Estate litigators arguably see more probate contests than any other type of conflict. While the details are always unique, they almost always include allegations that someone unduly influenced the decedent to change his or her will to either disinherit, or favor, a particular person. These cases also often include an allegation — which is usually contested — that the purported influencer was in a “confidential relationship” with the decedent. The frequency of such claims beg the questions (1) what exactly is a “confidential relationship,” and (2) what is the practical benefit to an objectant in establishing that one existed?
A confidential relationship is characterized as unique degree of trust and confidence between the parties, one of whom has superior knowledge, skill or expertise and is under a duty to represent the interests of the other. Some relationships are considered confidential as a matter of law, i.e., attorney-client, guardian-ward, and physician-patient, to name a few, while others will be deemed confidential as a matter of fact, based upon the details of the relationship, i.e., when one person is dependent on, and subject to the control of, another (see Matter of Satterlee, 281 AD 251 [1st Dept 1953]).
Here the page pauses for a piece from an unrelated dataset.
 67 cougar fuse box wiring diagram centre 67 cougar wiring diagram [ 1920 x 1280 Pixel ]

In a probate contest, it always is the burden of the objectant to prove that someone perpetrated undue influence upon the testator by establishing motive, opportunity, and the actual exercise of that undue influence (Matter of Walther, 6 NY2d 49, 55 ; see Matter of Ryan, 34 AD3d 212, 213-14 [1st Dept 2006]). However, where it is established that the decedent was in a confidential relationship with the alleged influencer, and there were other “suspicious circumstances” present (such as the alleged influencer having retained the attorney-draftsman for the decedent, or having accompanied the decedent to the will execution, for example) an inference of undue influence arises. That inference requires the person in the confidential relationship to explain the circumstances surrounding the relationship between him and the decedent, and to establish by clear and convincing evidence that the subject bequest was fair and voluntary. (see Matter of Neenan, 35 AD3d 475, 476 [2d Dept 2006]; Matter of Bartel, 214 AD2d 476 [1st Dept 1995]).
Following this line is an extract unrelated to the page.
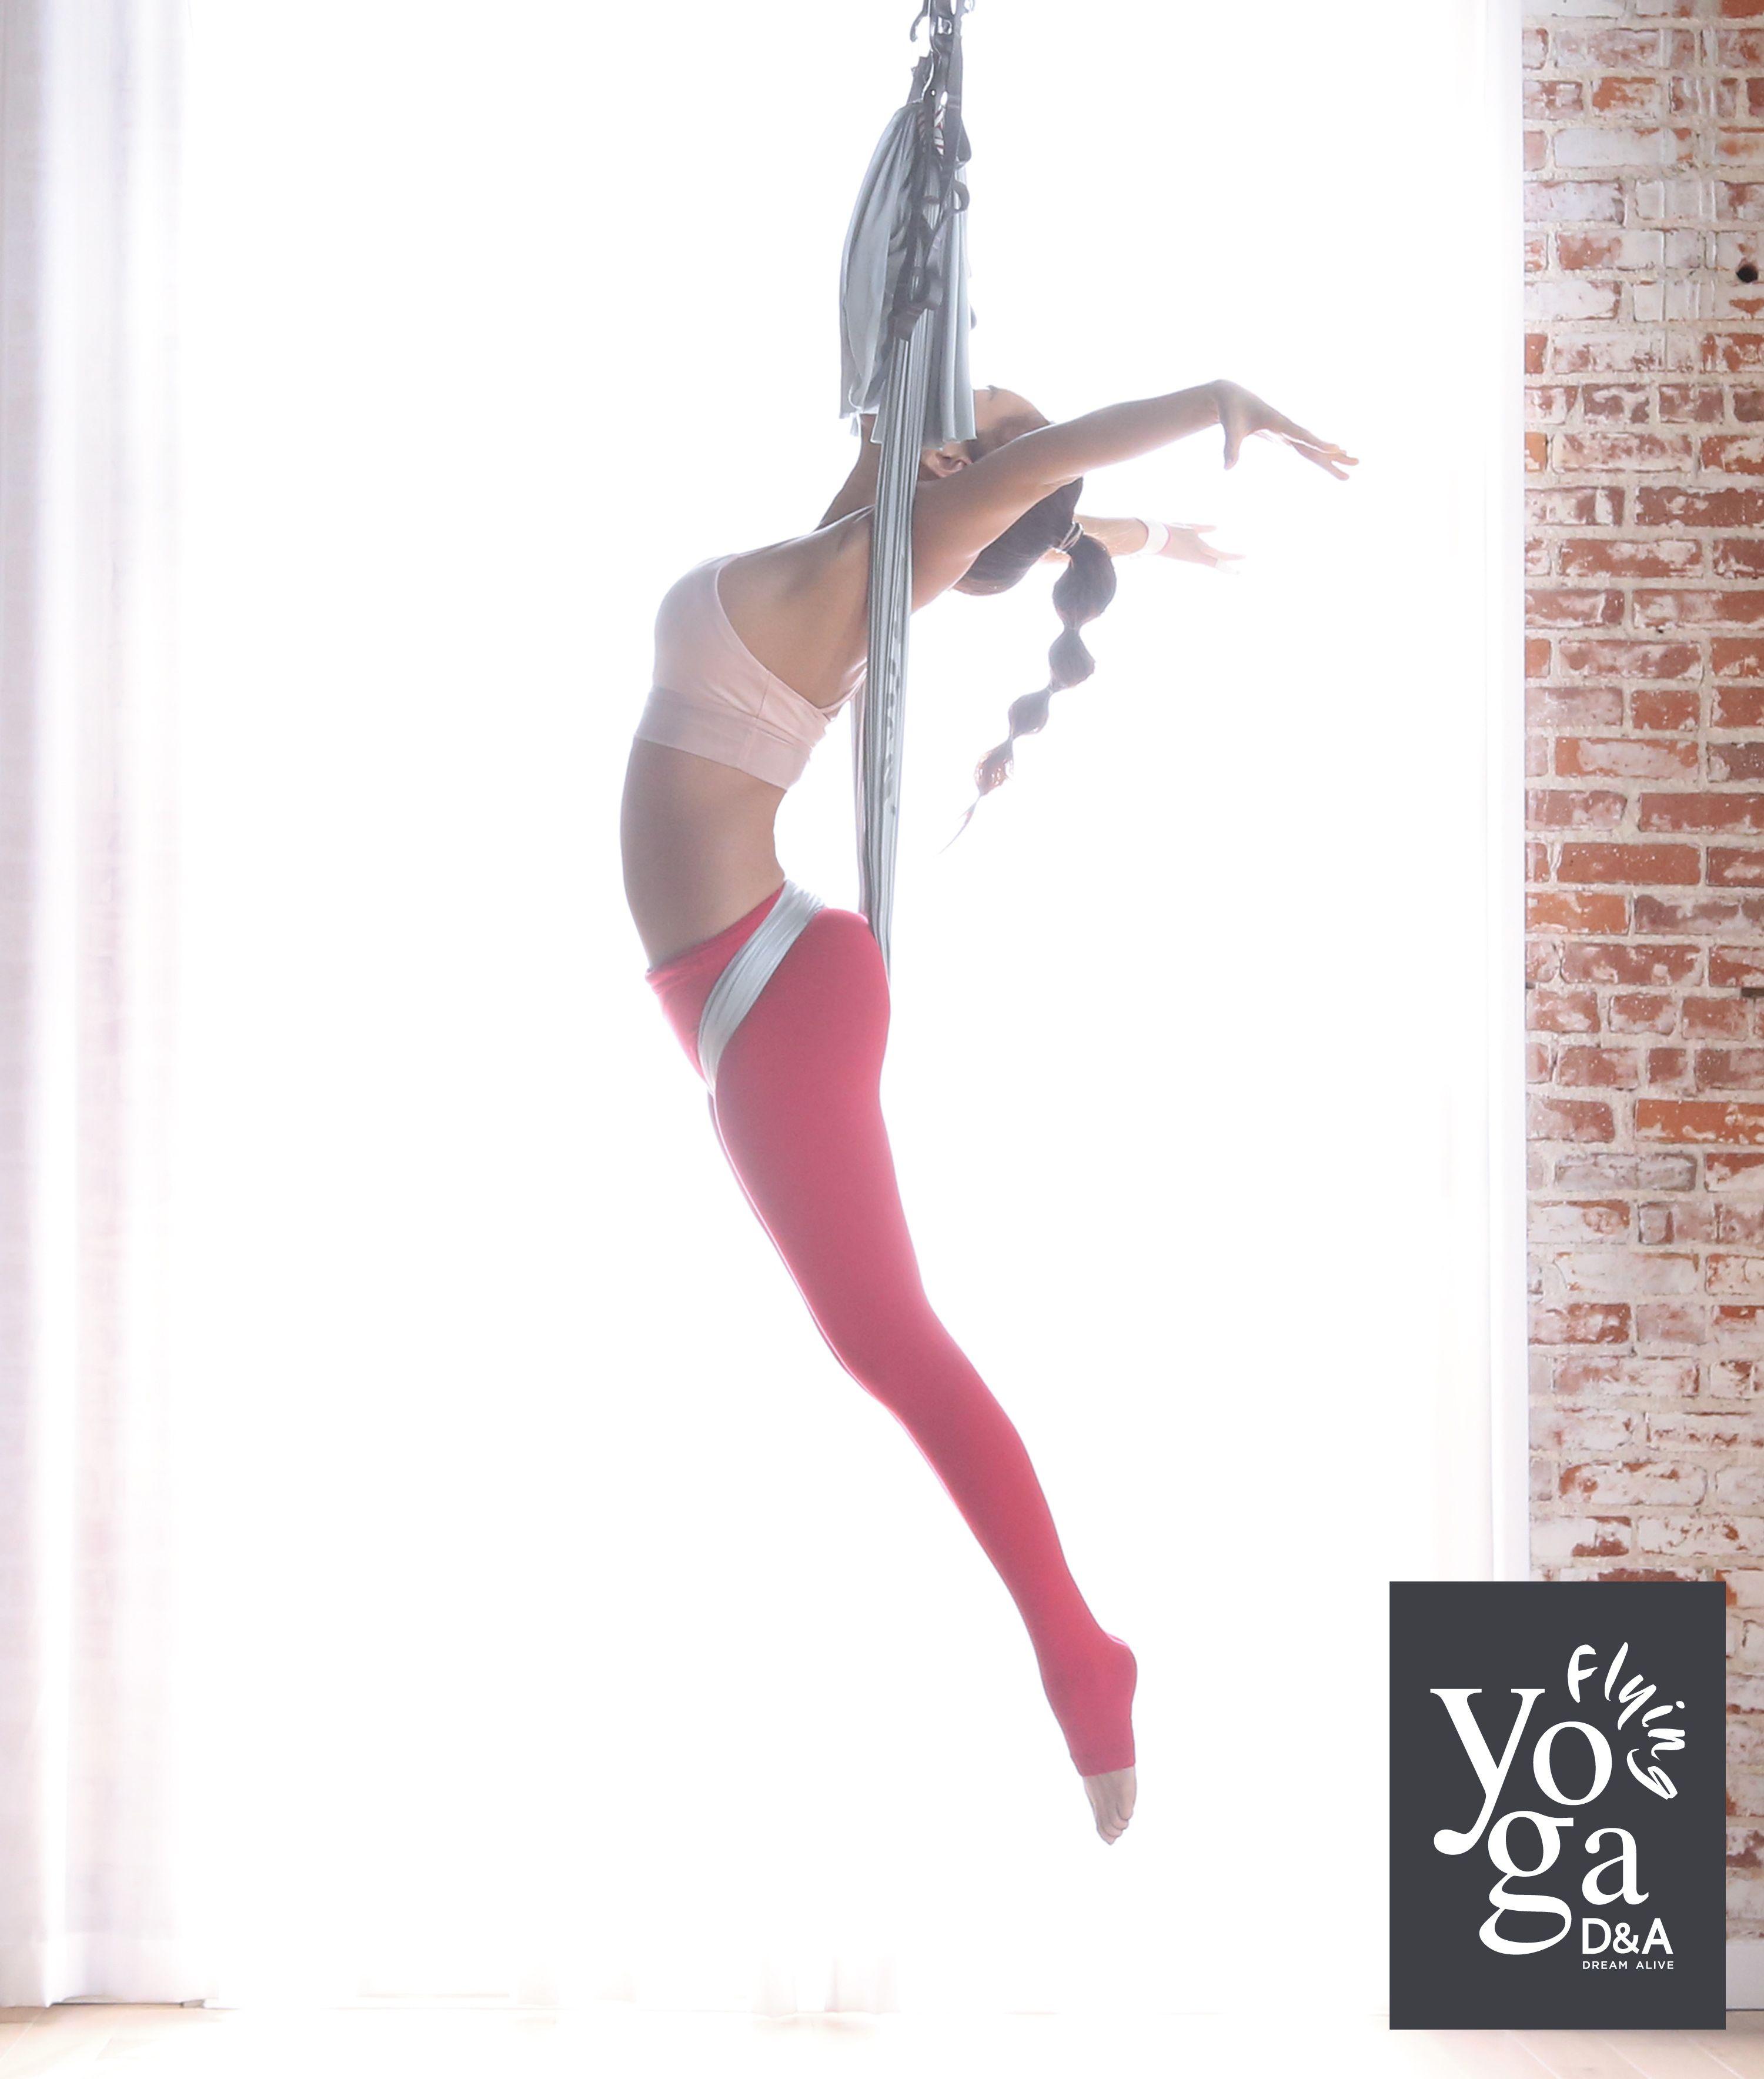 Flying Up Danda Flying Yoga D A Flying Yoga Aerial Yoga Aerial Yoga Flying Yoga Yoga Trapeze Poses

As with most aspects of the law, there is an exception. Where the person in the confidential relationship also shared a close family relationship with the decedent, no inference of undue inference arises, and therefore, no explanation of a bequest in favor of that person will be required (see Matter of Walther, 6 NY2d 49 ; Matter of Zirinsky, 10 Misc 3d 1052[A] [Sur Ct, Nassau County 2005]). This is generally because “a sense of family duty is inexplicably intertwined in this relationship” (Matter of Zirinsky, 10 Misc 3d at *8-9). The exception exists despite the presence of “suspicious circumstances.” Unsurprisingly, this often leads to questions about what degree of family relationship is close enough to negate the inference.
It must be noted that the inference of undue influence that may arise as a result of a confidential relationship should not be confused with shifting the burden of proof from the objectant (see Matter of Neenan, 35 AD3d 475 [2d Dept 2006]). The burden of proving undue influence in the context of a will contest never shifts (see Matter of Bach, 133 AD2d 455, 456 [2d Dept 1987] quoting Matter of Collins, 124 AD2d 48, 54 [4th Dept 1987]). The inference just makes it a little bit easier for an objectant to satisfy that burden, and ultimately succeed in his or her case.